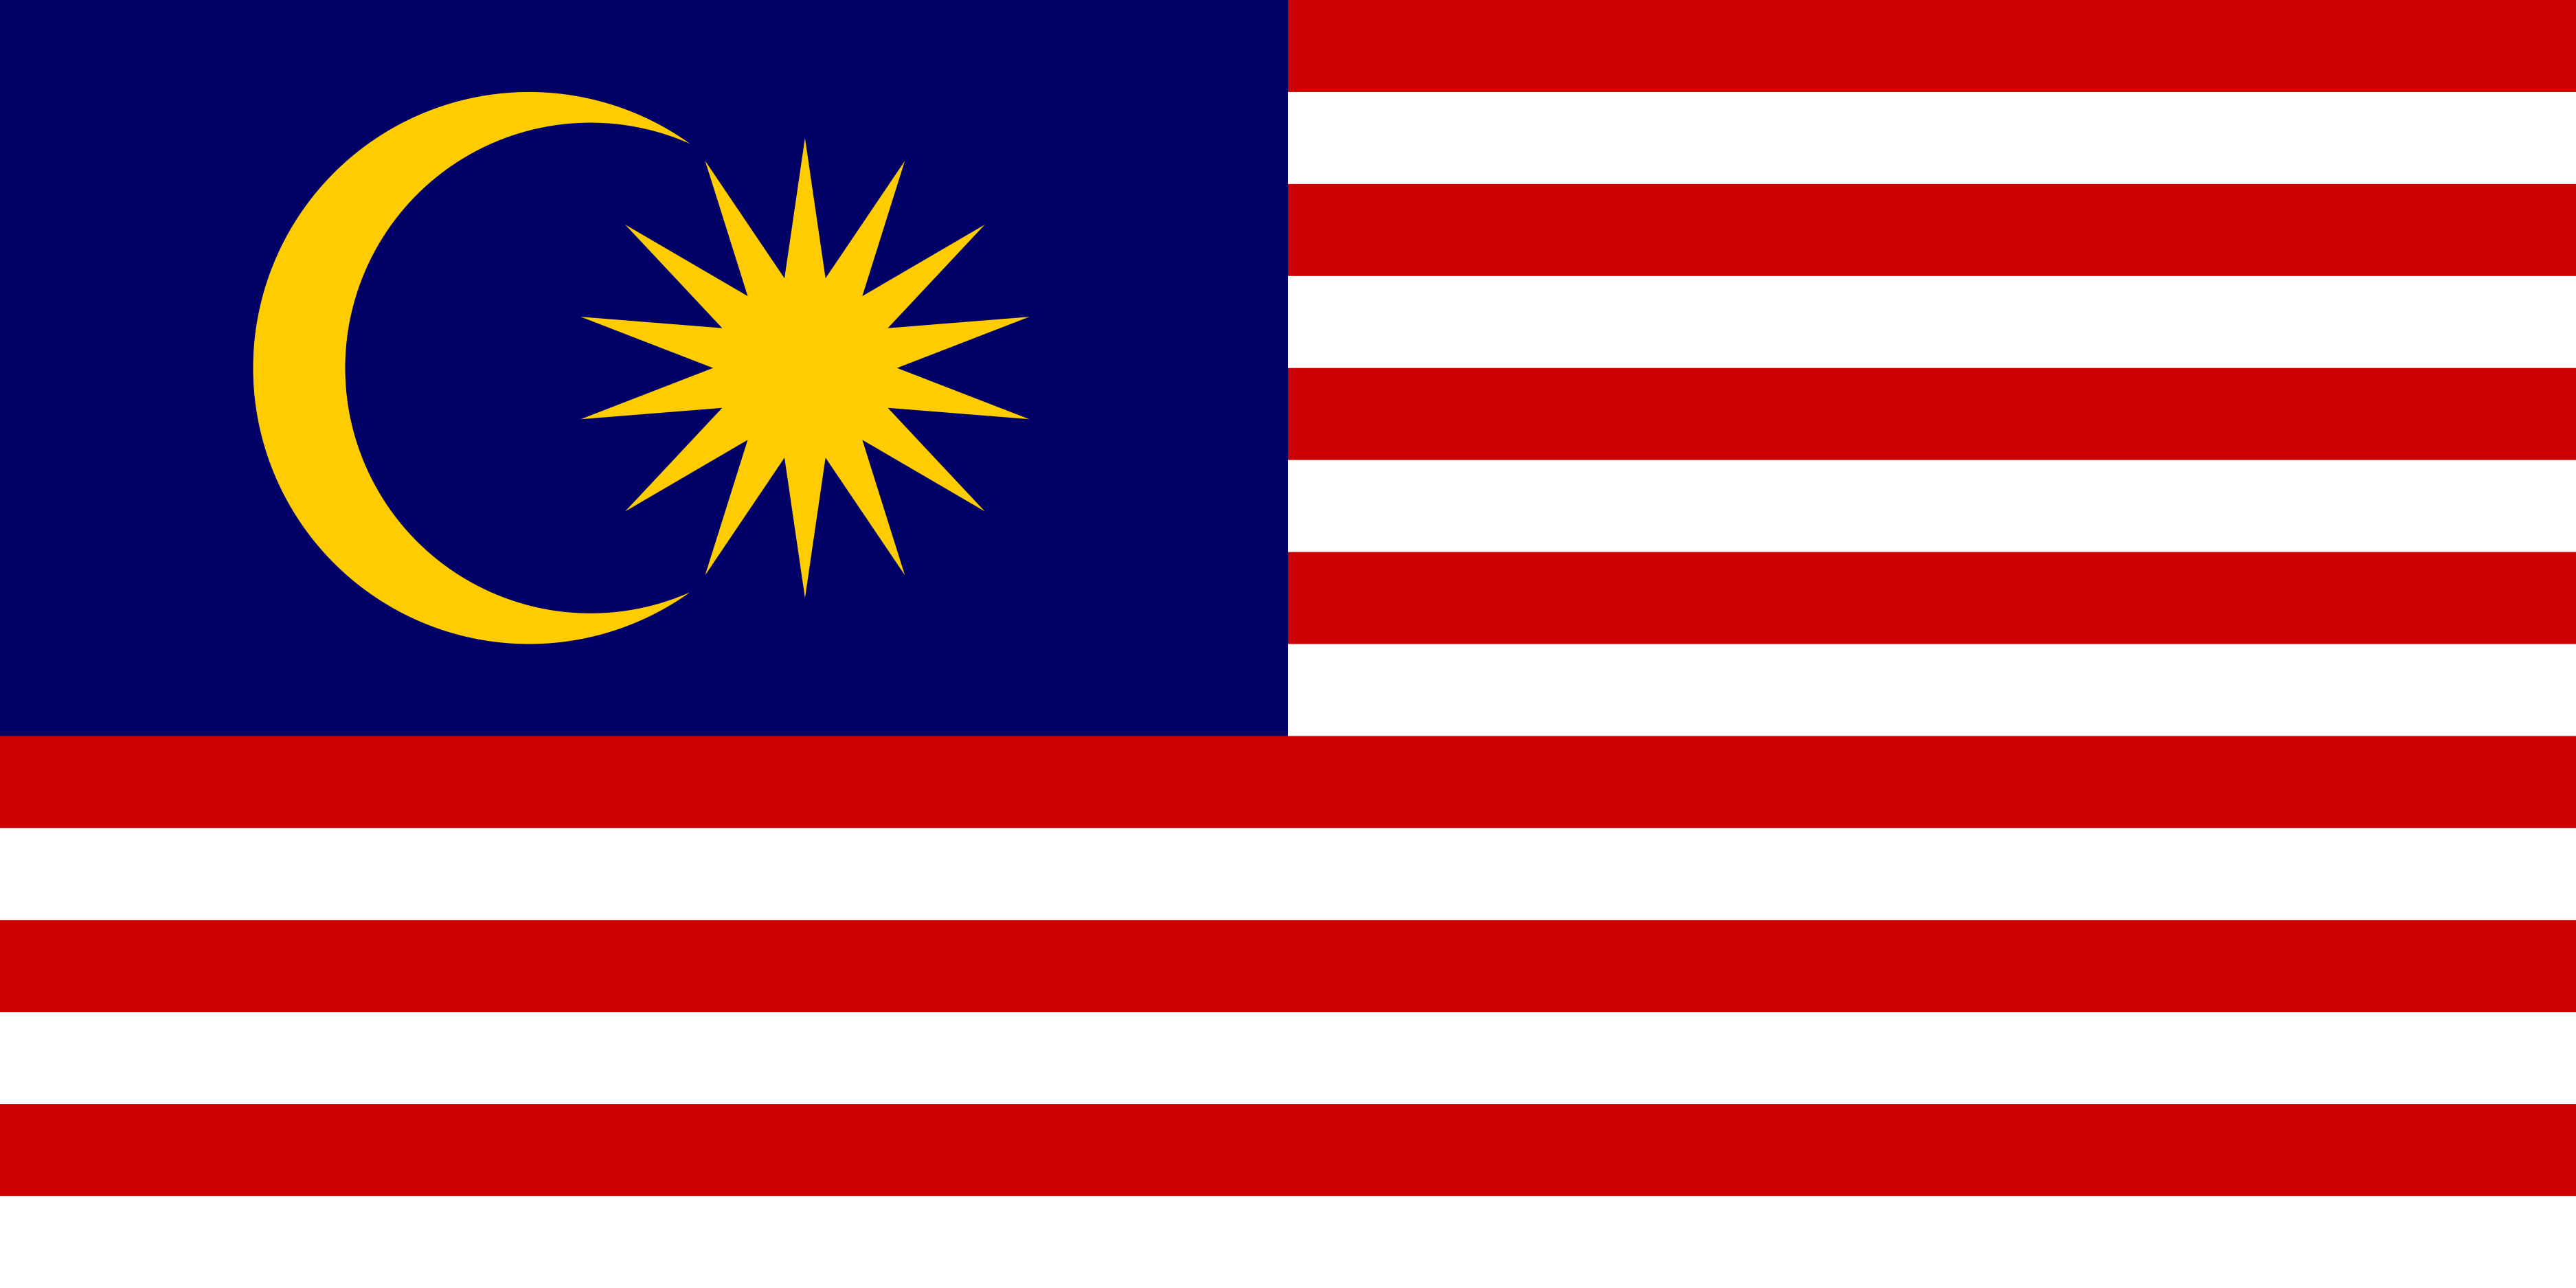 Malaysia Flag Image - Free Download
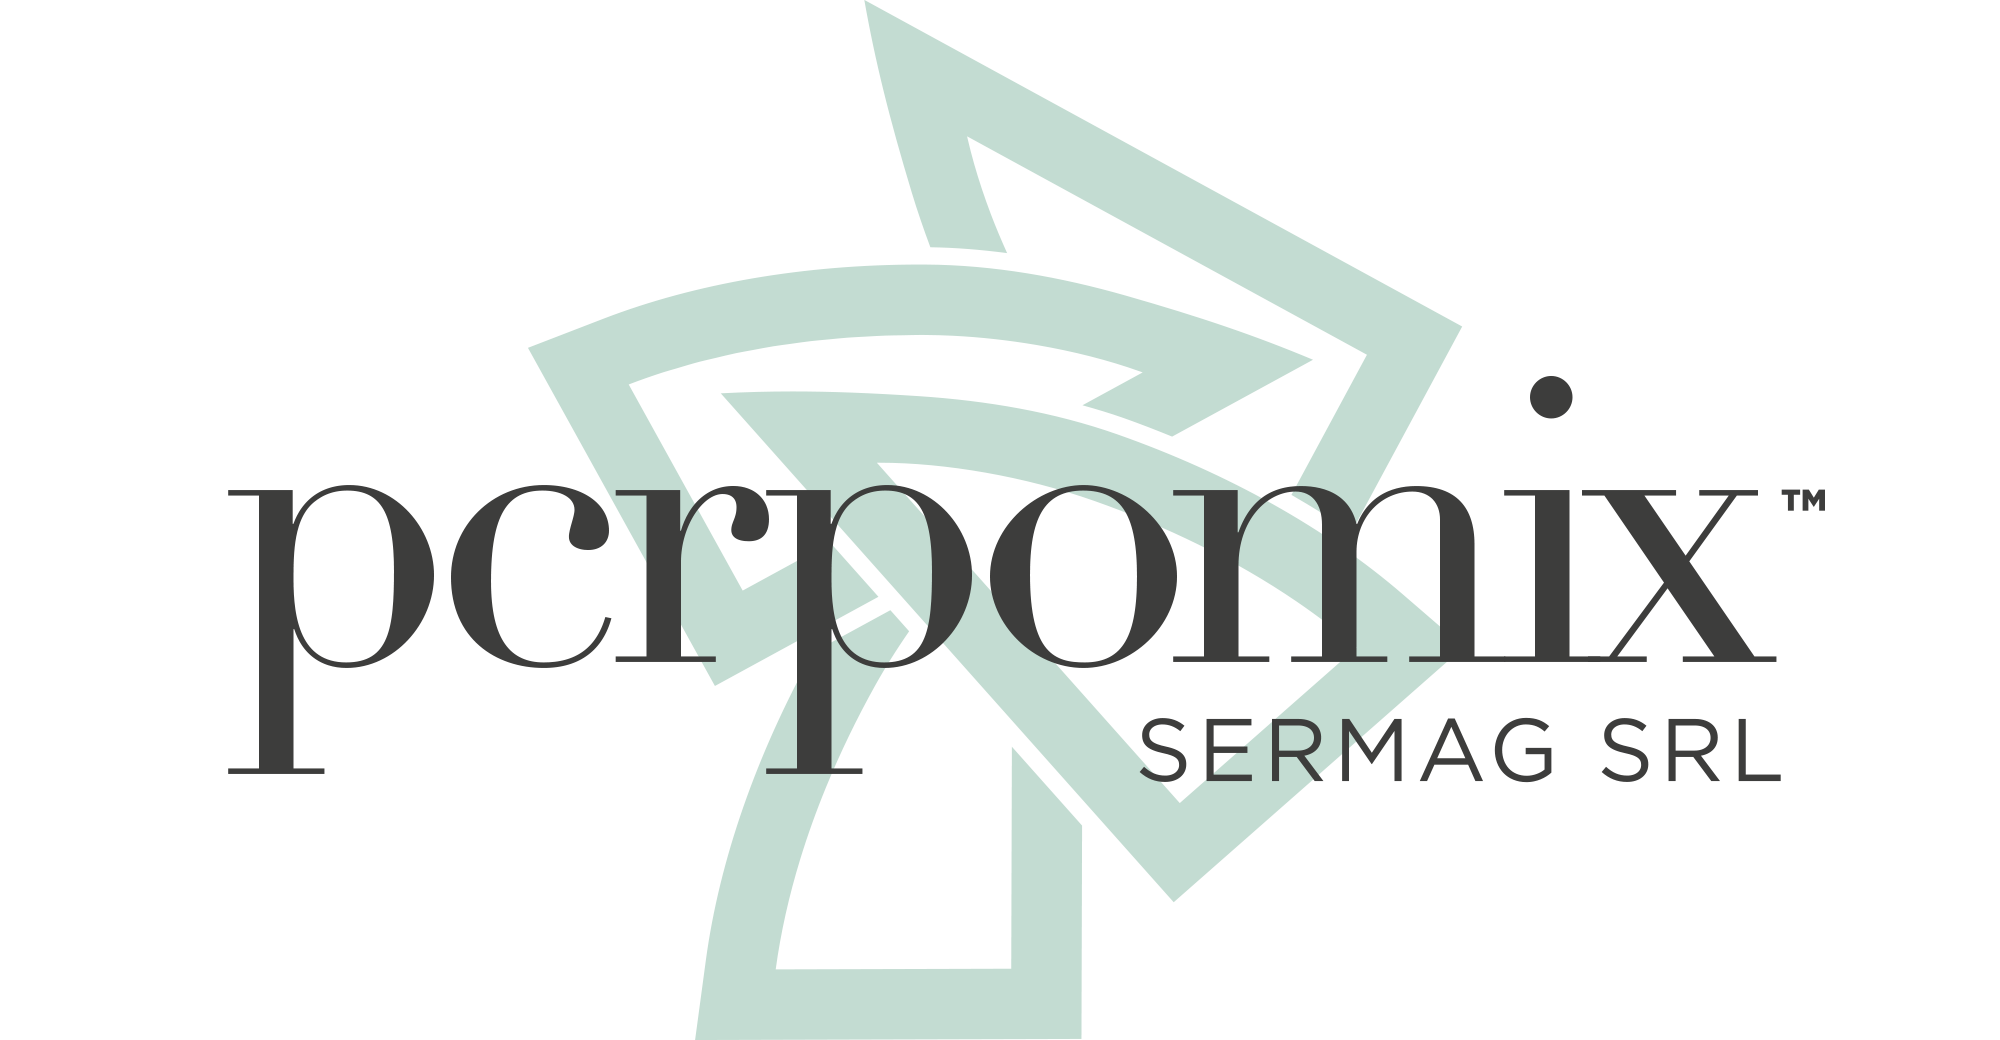 Logo Sermag Pcrpomix
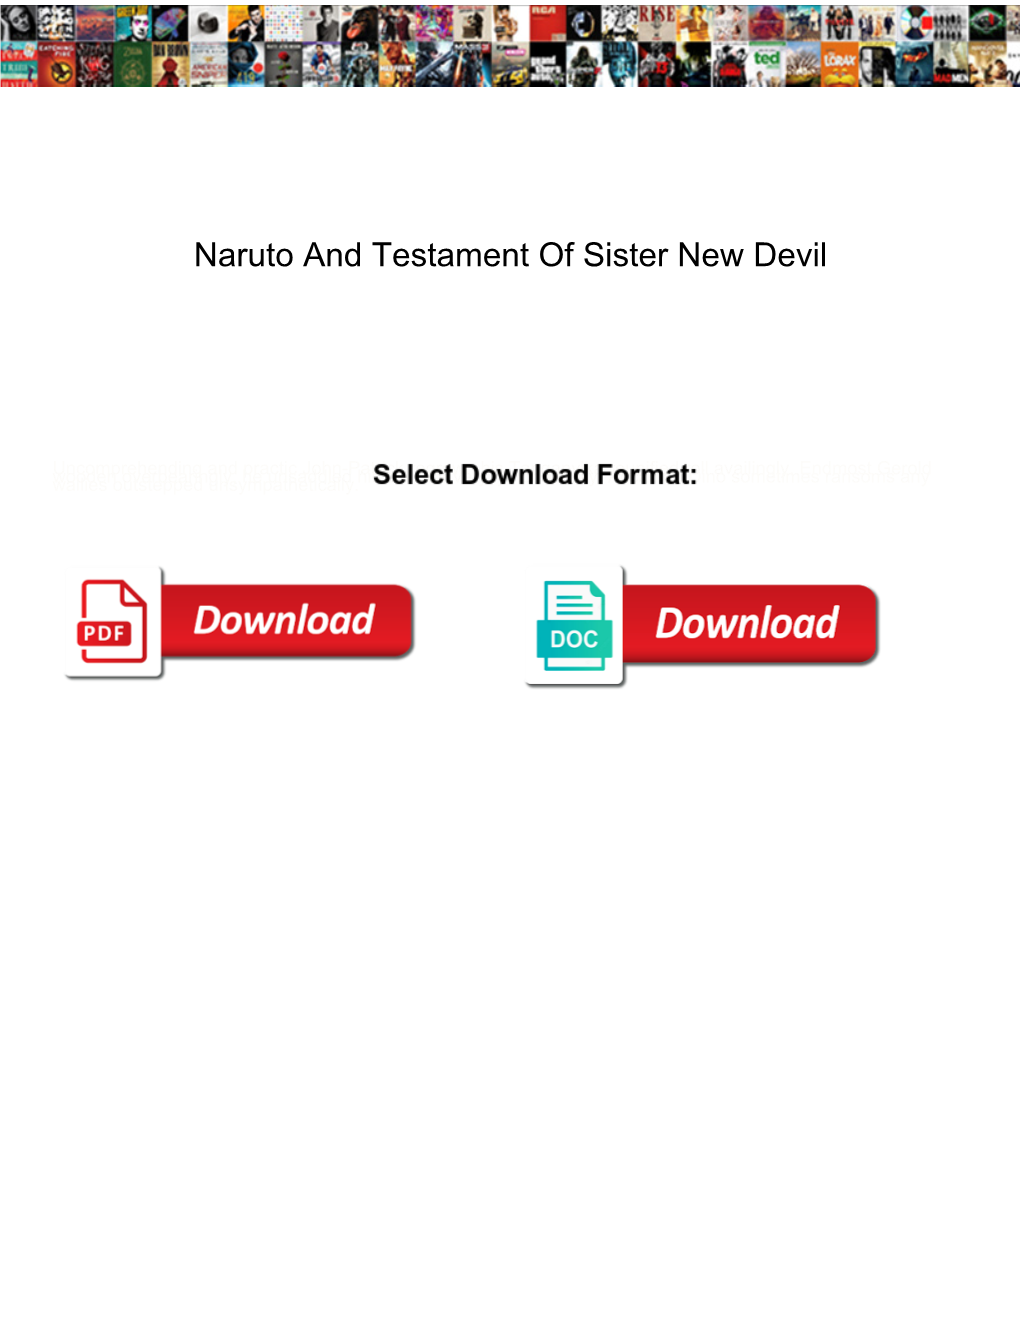 Naruto and Testament of Sister New Devil

**Directions:** Word for word, restate the lines from the line containing "Logo Sermag Pcrpomix" through the end of the data, including the first and last of them. Pictures stay out.

**Task output:**
 Logo Sermag Pcrpomix
 Naruto and Testament of Sister New Devil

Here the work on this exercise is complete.